== Input data ==
==================================================
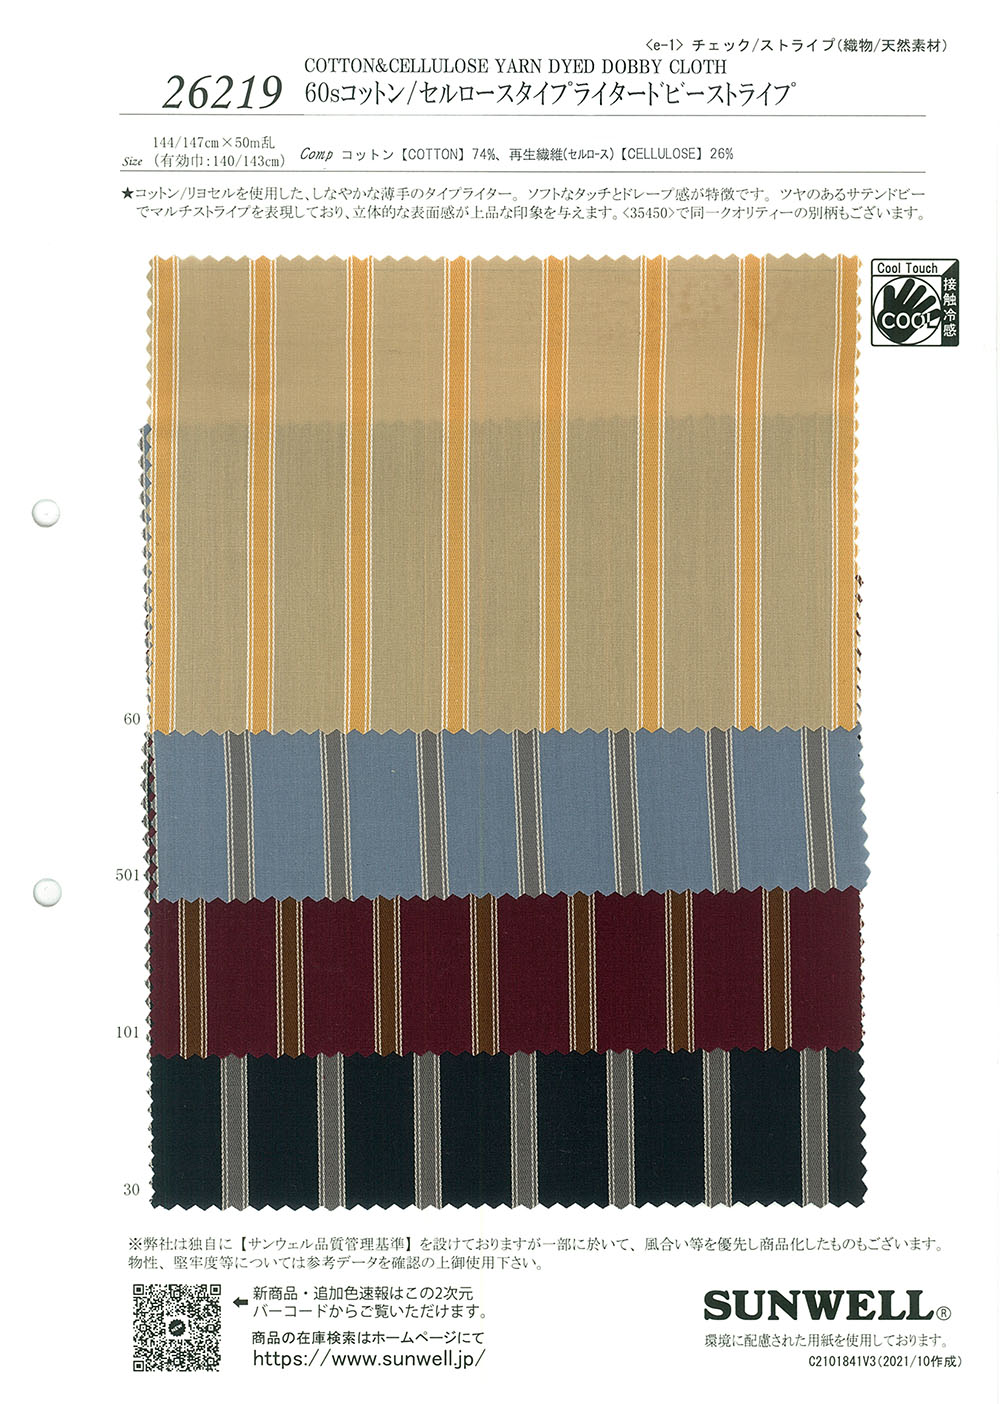 26219 60 Tela De Máquina De Escribir De Algodón/celulosa De Un Solo Hilo Con Rayas Dobby[Fabrica Textil] SUNWELL
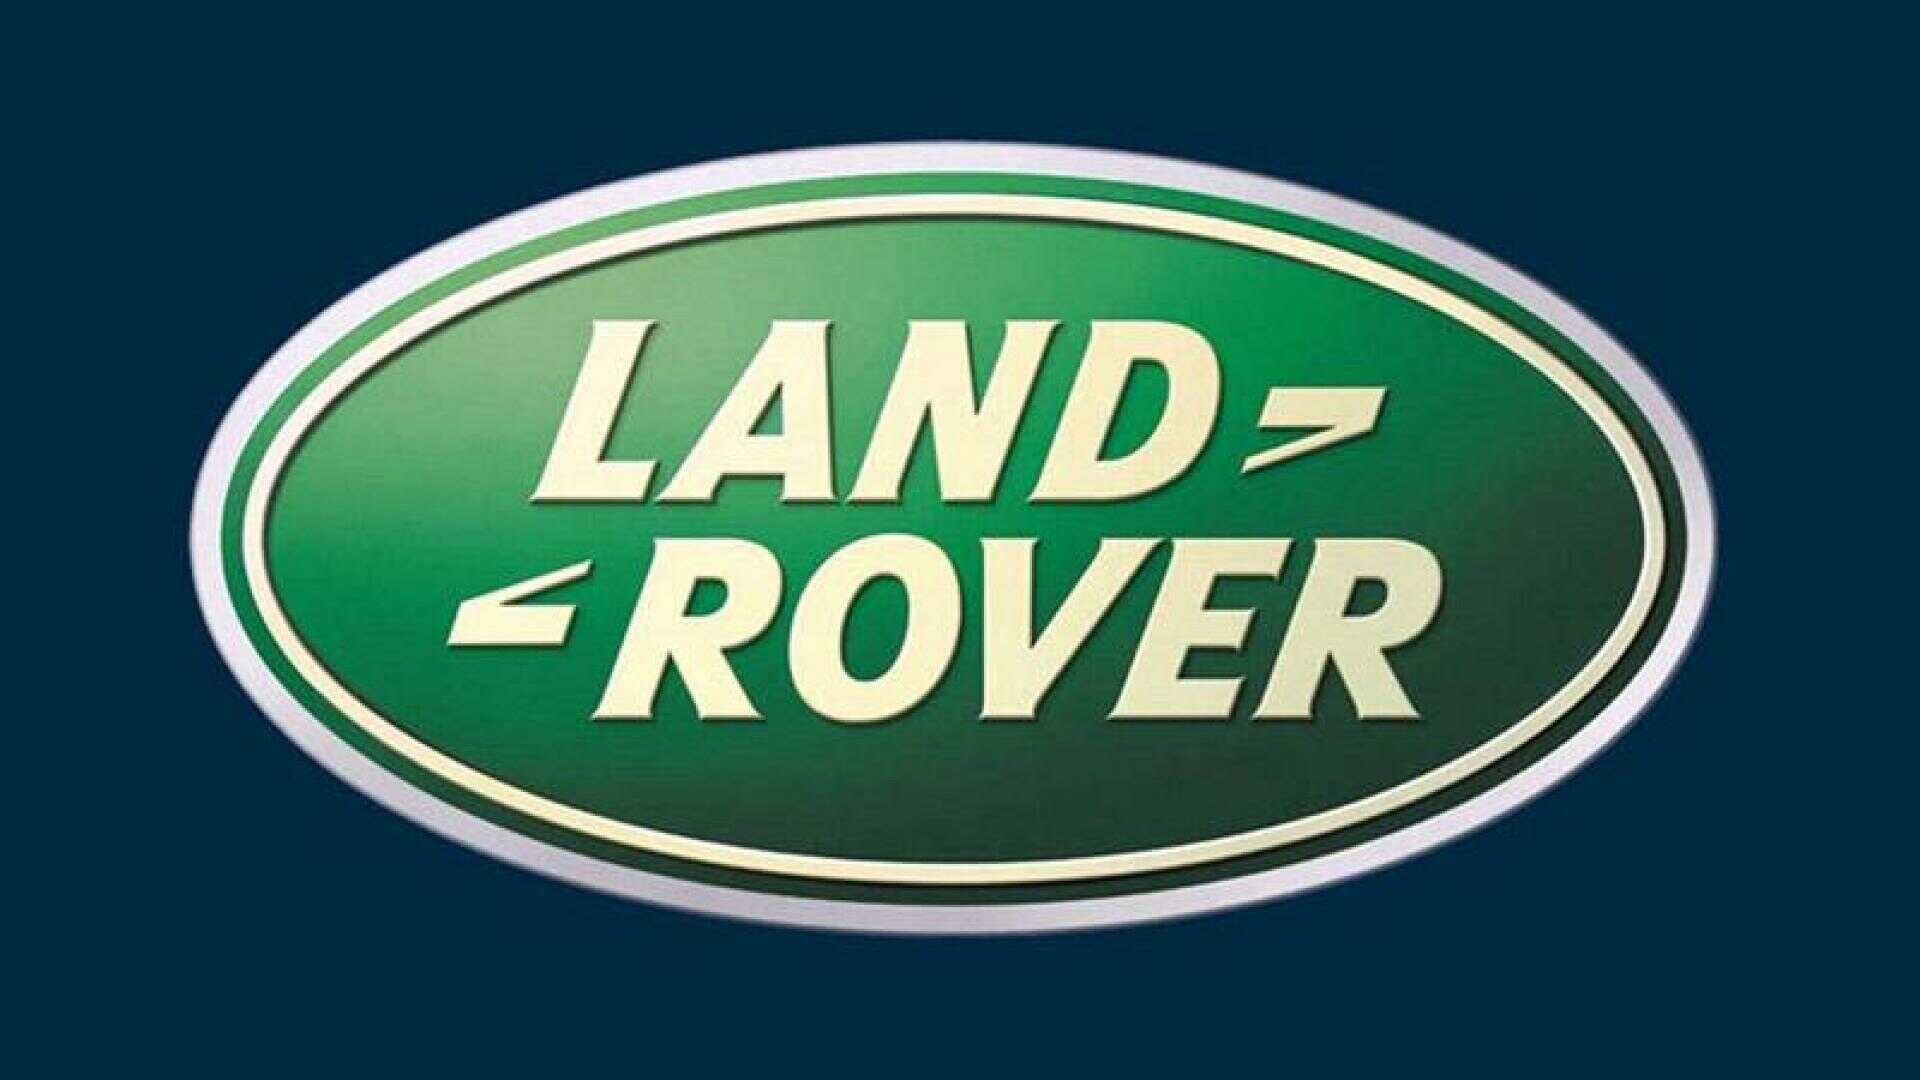 Giá xe Land Rover
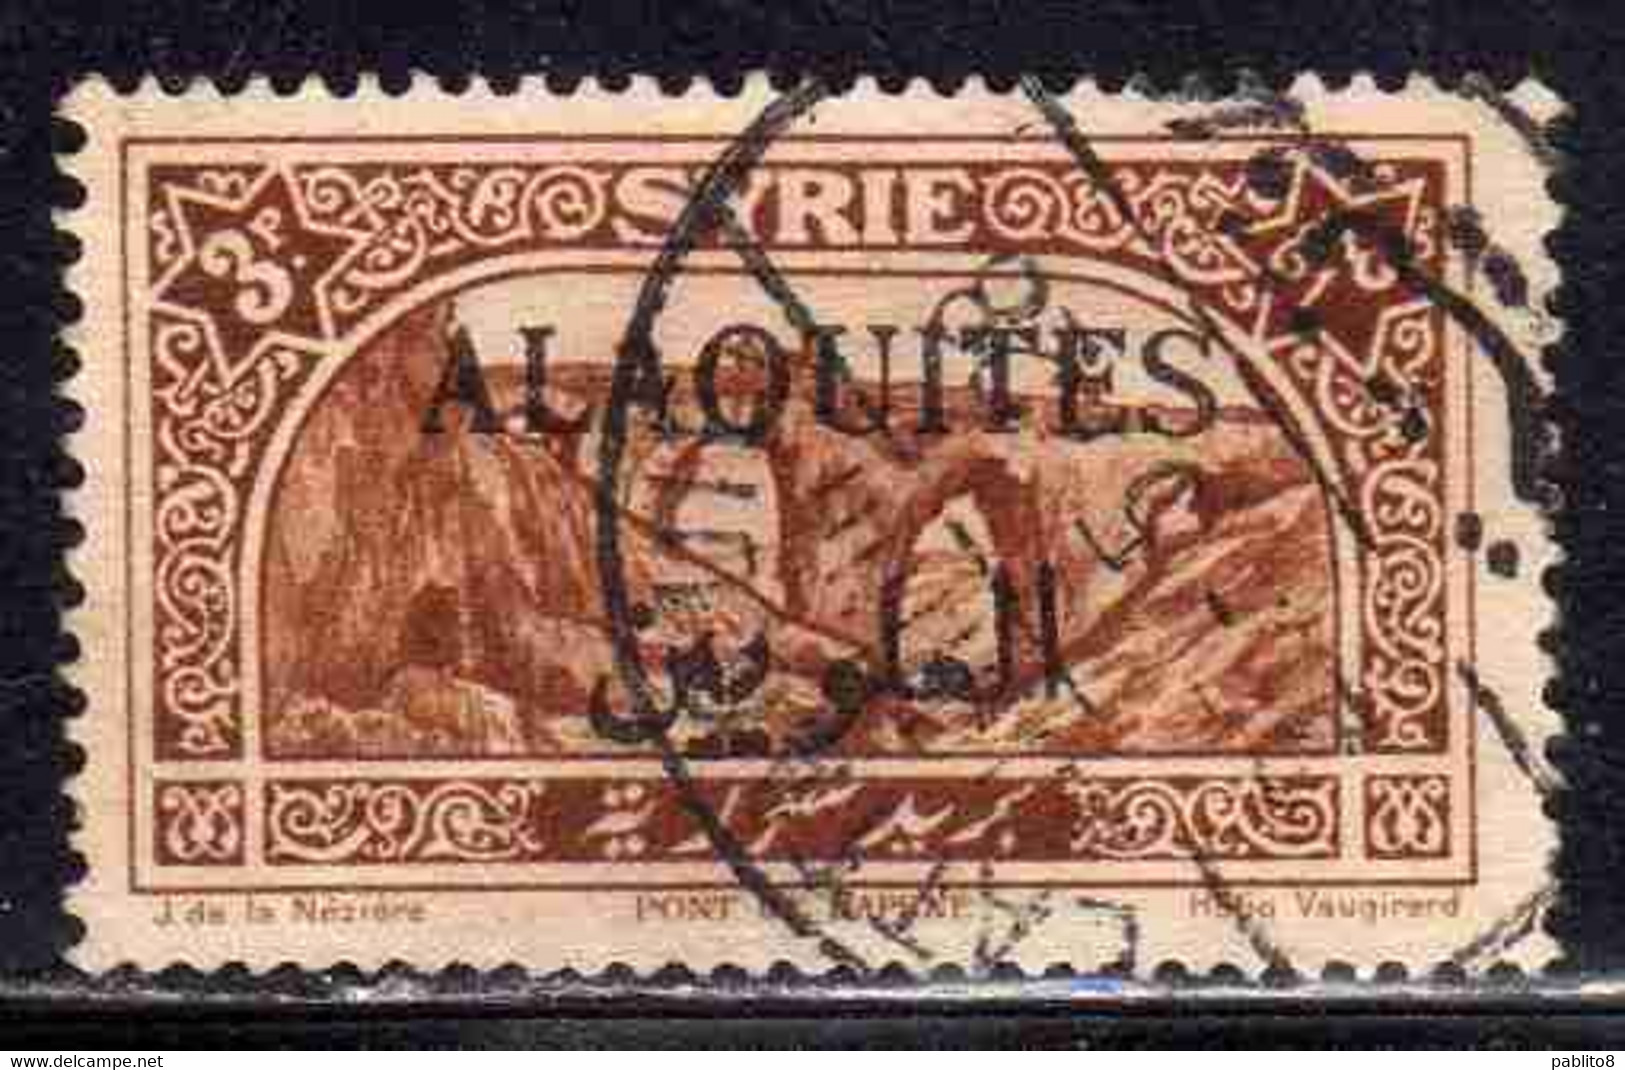 ALAOUITES SYRIA SIRIA ALAQUITES 1925 BRIDGE OF DAPHNE 3p USED USATO OBLITERE' - Used Stamps
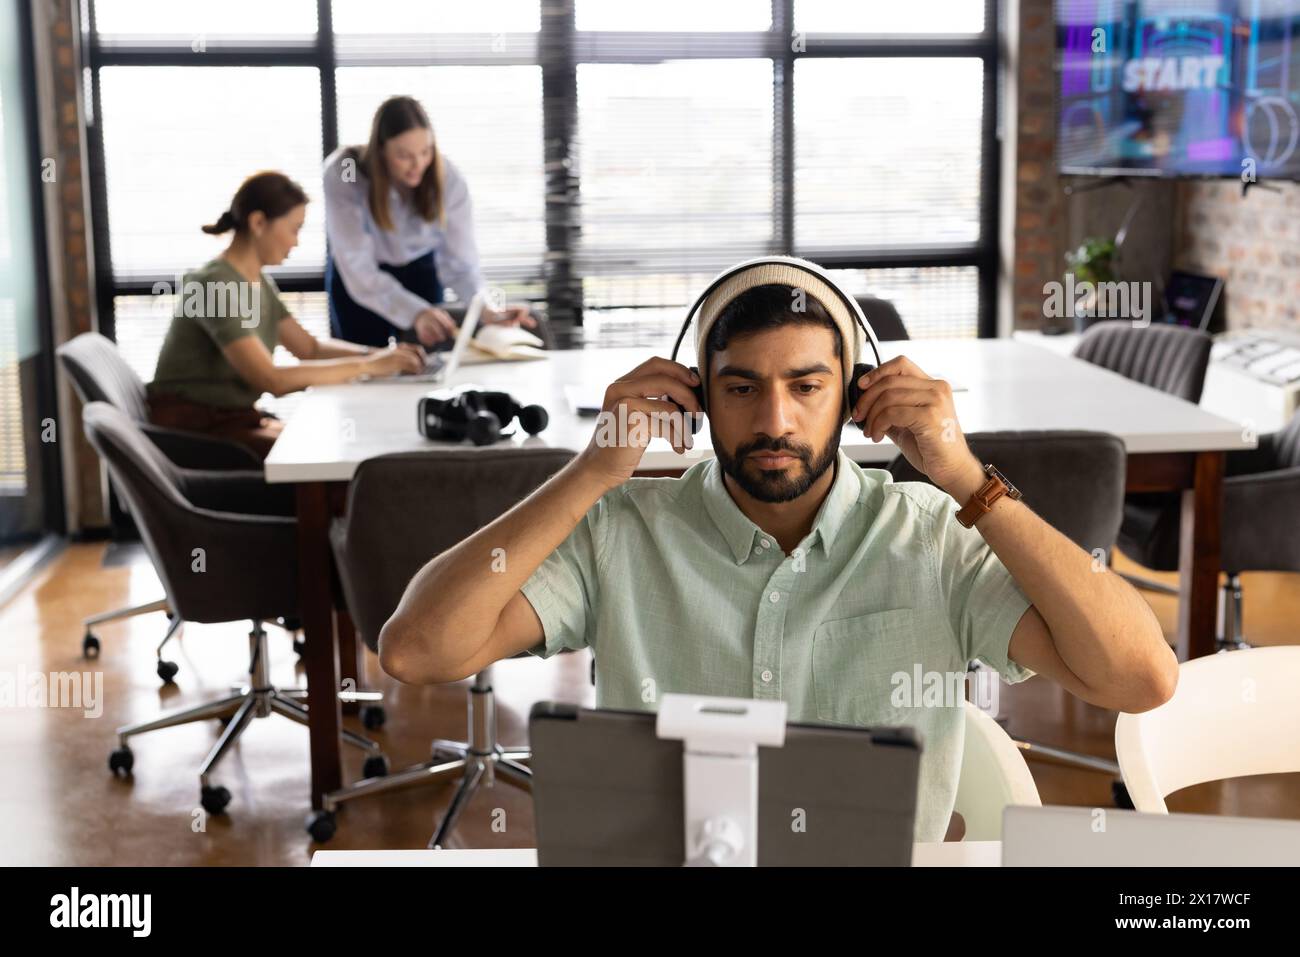 Ein vielseitiges Team arbeitet in einem modernen Geschäftsbüro, wobei ein junger asiatischer Mann sich auf einen Computer konzentriert Stockfoto
==================================================
== Your objective ==
From the line containing "ALAOUITES SYRIA SIRIA" to the last line of the material, every line is to be reproduced exactly. No picture belongs in the copy.

== Exercise response ==
 ALAOUITES SYRIA SIRIA ALAQUITES 1925 BRIDGE OF DAPHNE 3p USED USATO OBLITERE' - Used Stamps
 Ein vielseitiges Team arbeitet in einem modernen Geschäftsbüro, wobei ein junger asiatischer Mann sich auf einen Computer konzentriert Stockfoto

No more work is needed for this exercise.